A catalyst component for olefin polymerization comprising the transition metal compound of the following (i) and the transition metal compound of the following (ii):
A catalyst for polymerization of ethylene and α-olefin obtained by contacting an activating co-catalyst component and an organoaluminum compound.
(I): a transition having two groups having a cyclopentadiene-type anion skeleton, the groups having this cyclopentadiene-type anion skeleton being bonded to each other directly or via a bridging group, and the central metal being hafnium Metal compound.

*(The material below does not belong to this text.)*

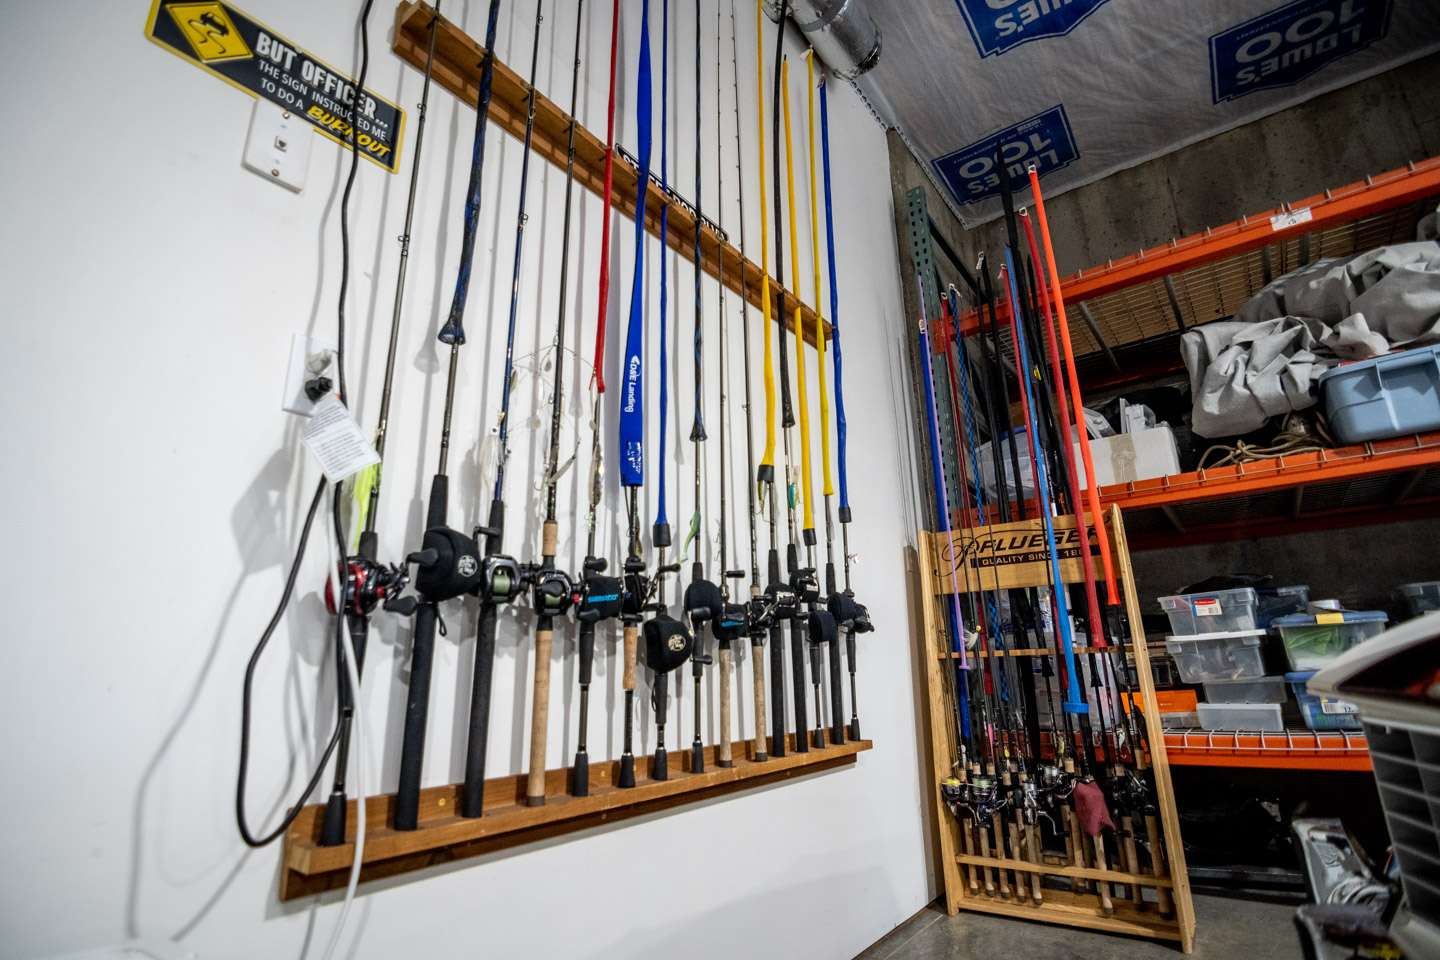 Towards the back of the shop, Auten has several racks to hold a variety of fishing rods.

(Ii): a transition metal compound having two groups having a cyclopentadiene-type anion skeleton having a substituent, the groups having this cyclopentadiene-type anion skeleton are not bonded to each other, and the central metal is zirconium . The polymerization catalyst according to claim 1, wherein the transition metal compound of (i) is represented by the following formula [4].
L ² ₂ HfX ¹ ₂ [4]
(Wherein L ² is a η ⁵ -indenyl group or a η ⁵ -alkyl-substituted indenyl group, the two L ^{2 s} may be the same or different, and the two L ² represent a residue containing a carbon atom. X ¹ represents a halogen atom, a hydrocarbon group or a hydrocarbon oxy group.) The polymerization catalyst according to claim 1 or 2, wherein the transition metal compound of (ii) is represented by the following formula [5].
L ³ ₂ ZrX ² ₂ [5]
(In the formula, L ³ is an η ⁵ -alkyl-substituted cyclopentadienyl group, and two L ³ are not crosslinked. X ² represents a halogen atom, a hydrocarbon group, or a hydrocarbon oxy group.) The manufacturing method of the copolymer of ethylene and an alpha olefin using the catalyst for polymerization in any one of Claims 1-3.